* _To do_: A word-for-word copy of the data is what's wanted, with no pictures.

[Supplied information]

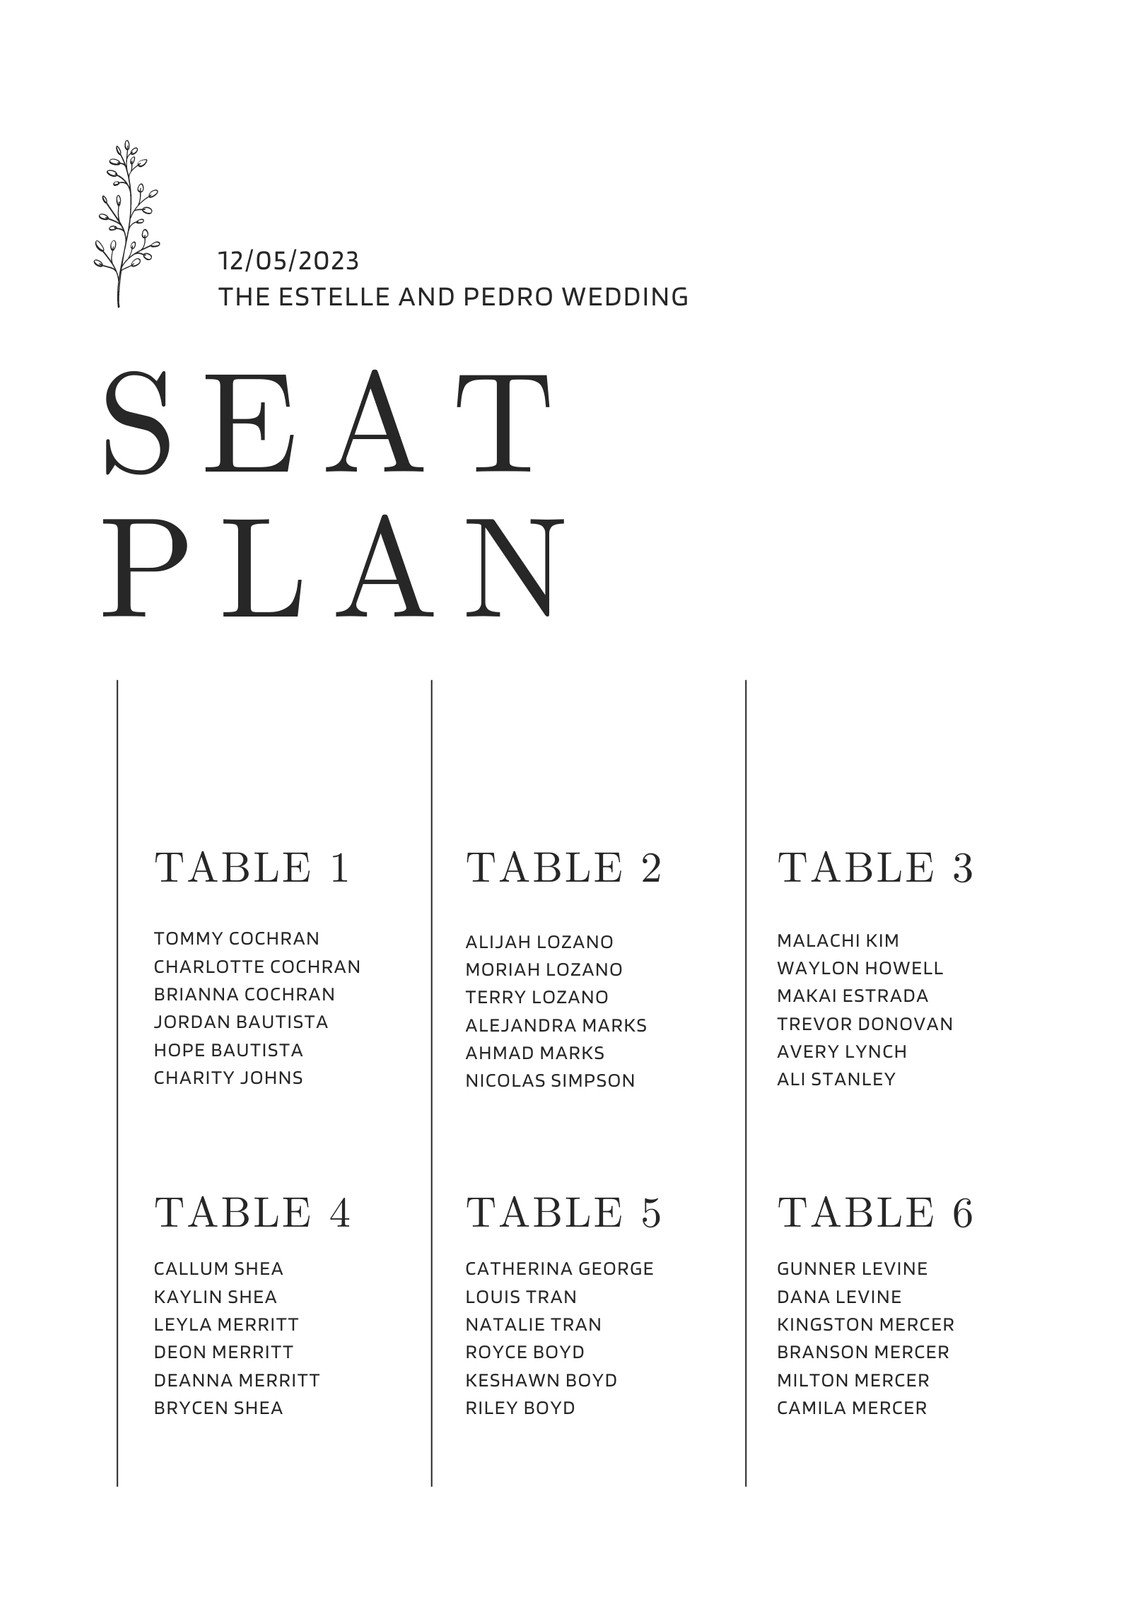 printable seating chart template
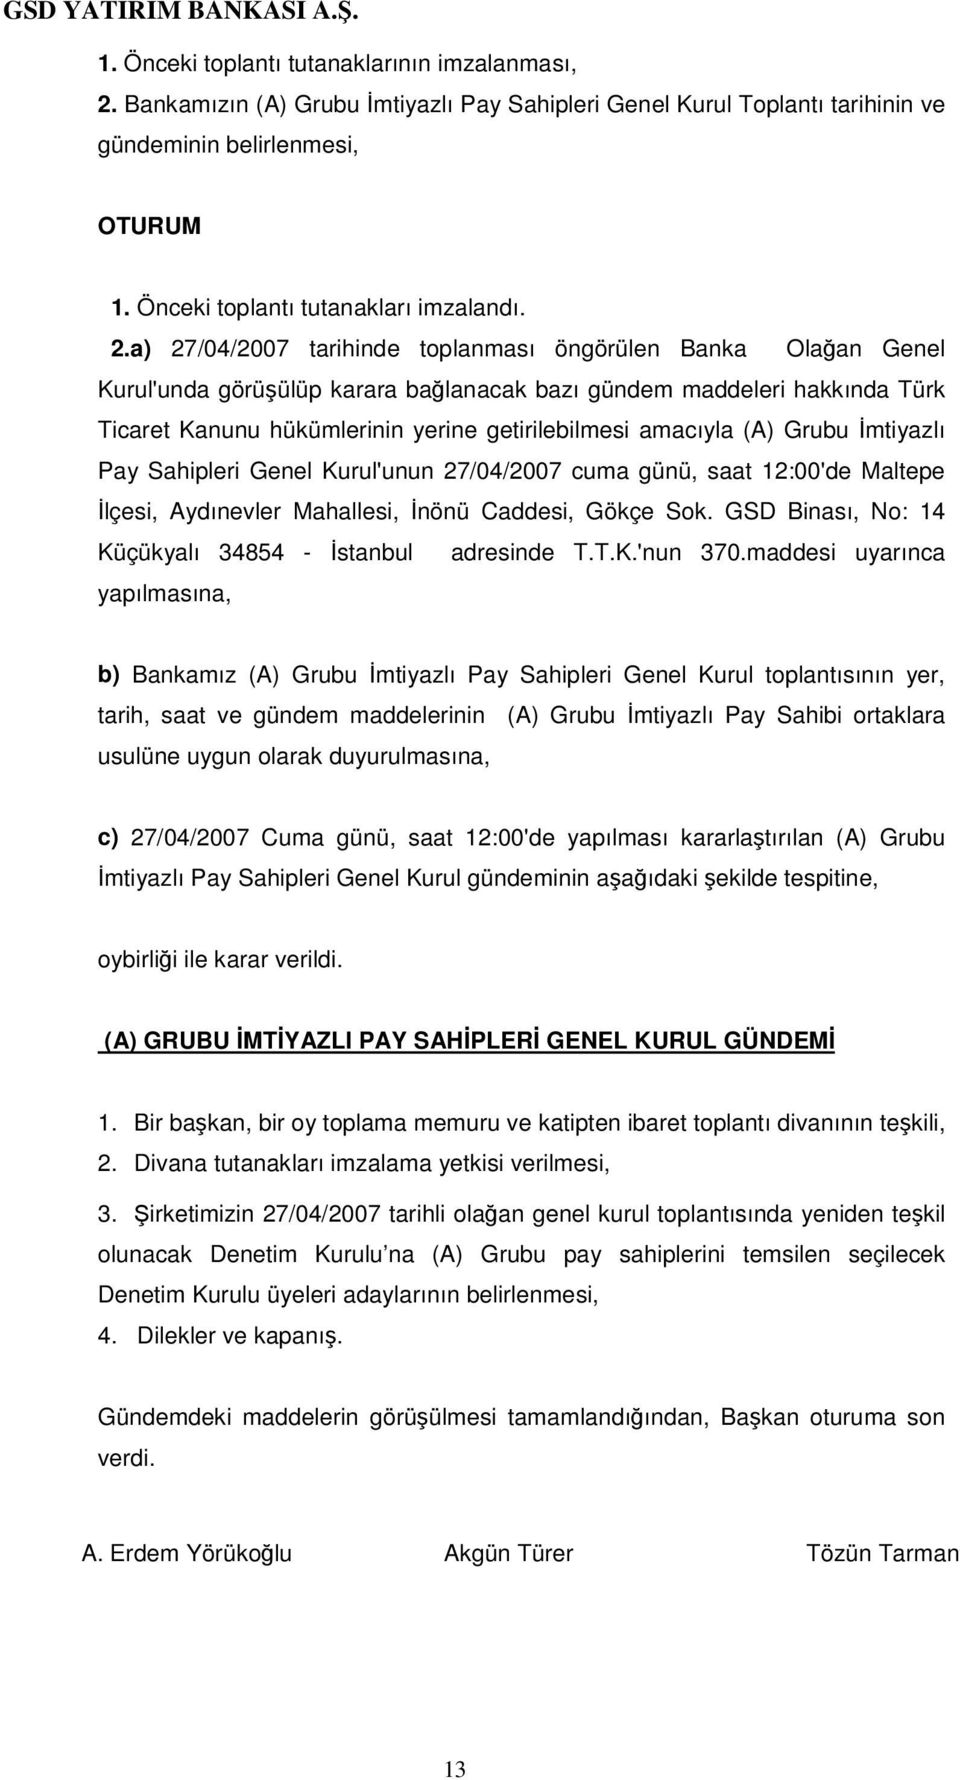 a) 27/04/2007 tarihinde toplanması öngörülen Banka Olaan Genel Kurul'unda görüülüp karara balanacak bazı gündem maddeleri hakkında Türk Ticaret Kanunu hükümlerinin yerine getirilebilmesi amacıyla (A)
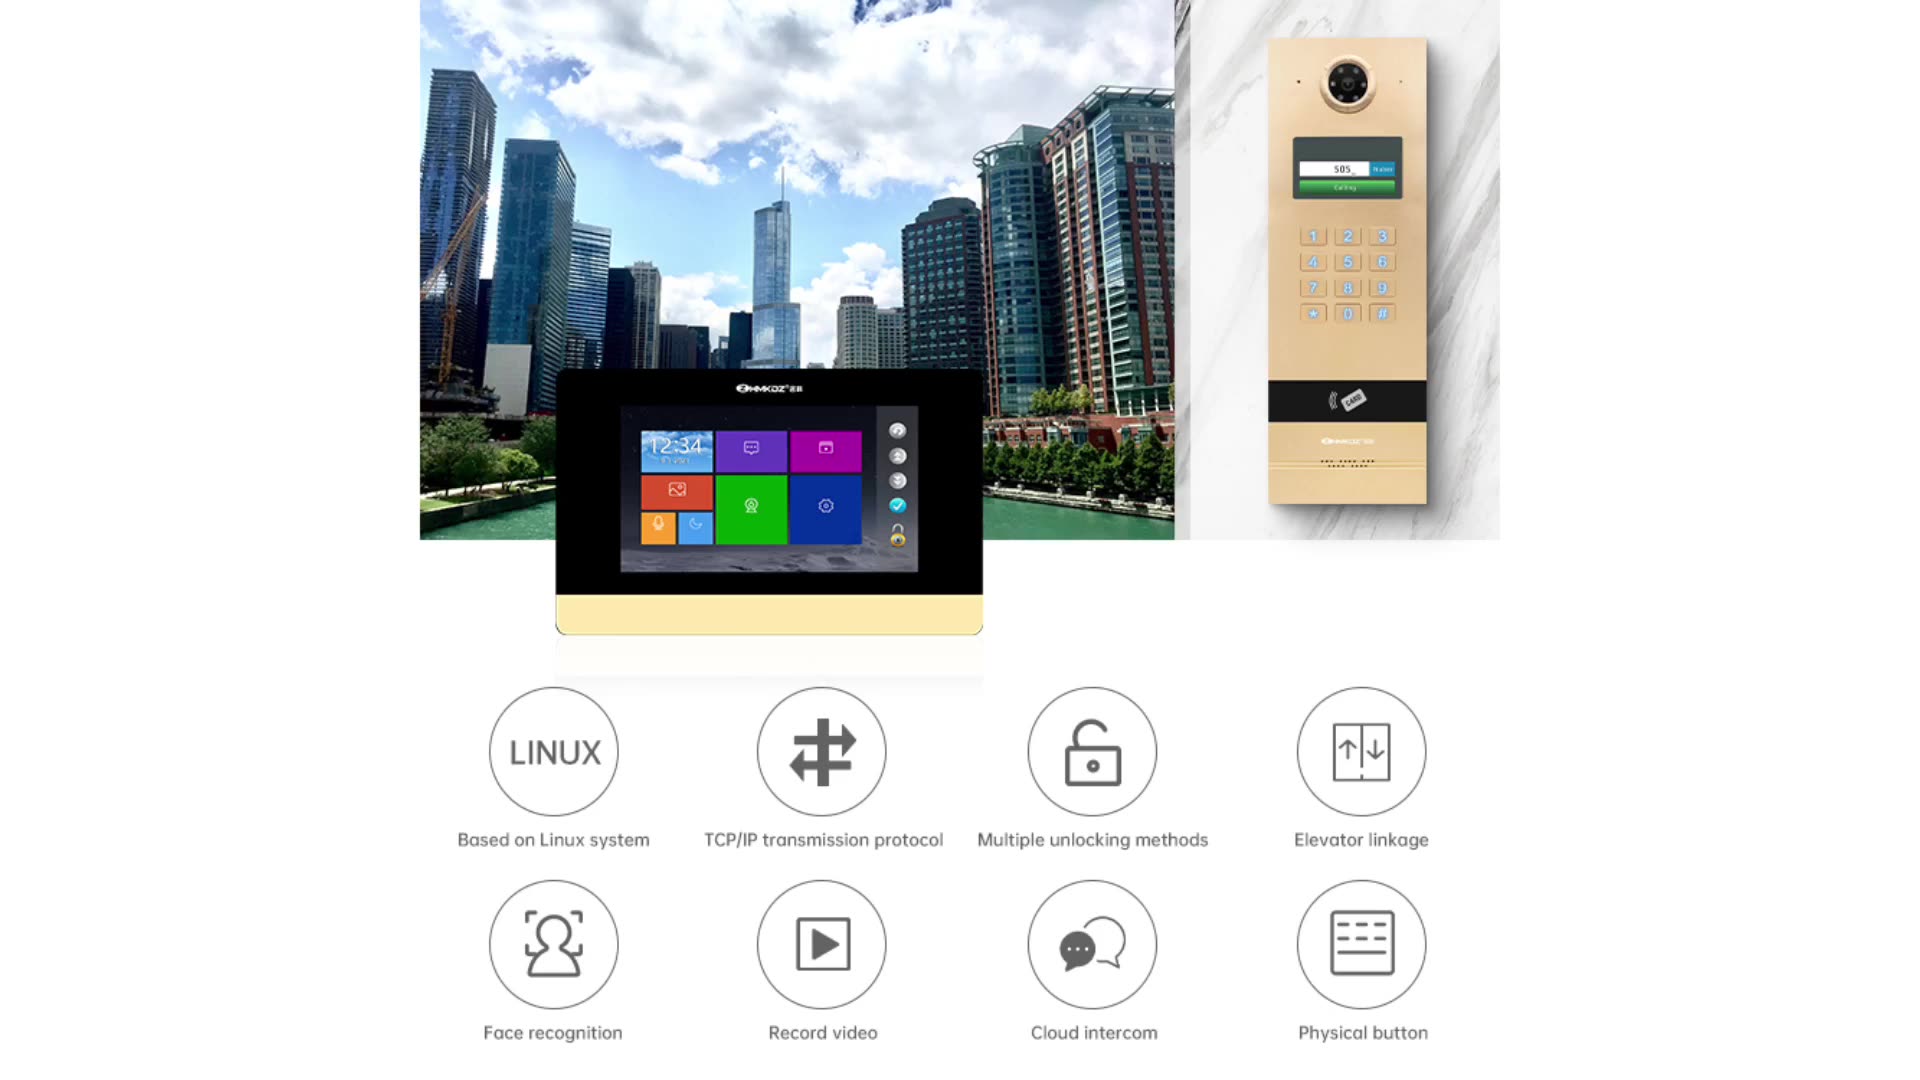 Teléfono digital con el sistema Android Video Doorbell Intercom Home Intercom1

[/Supplied information]

* _Result of the task_:
 printable seating chart template
 a) 27/04/2007 tarihinde toplanması öngörülen Banka Olaan Genel Kurul'unda görüülüp karara balanacak bazı gündem maddeleri hakkında Türk Ticaret Kanunu hükümlerinin yerine getirilebilmesi amacıyla (A)
 Teléfono digital con el sistema Android Video Doorbell Intercom Home Intercom1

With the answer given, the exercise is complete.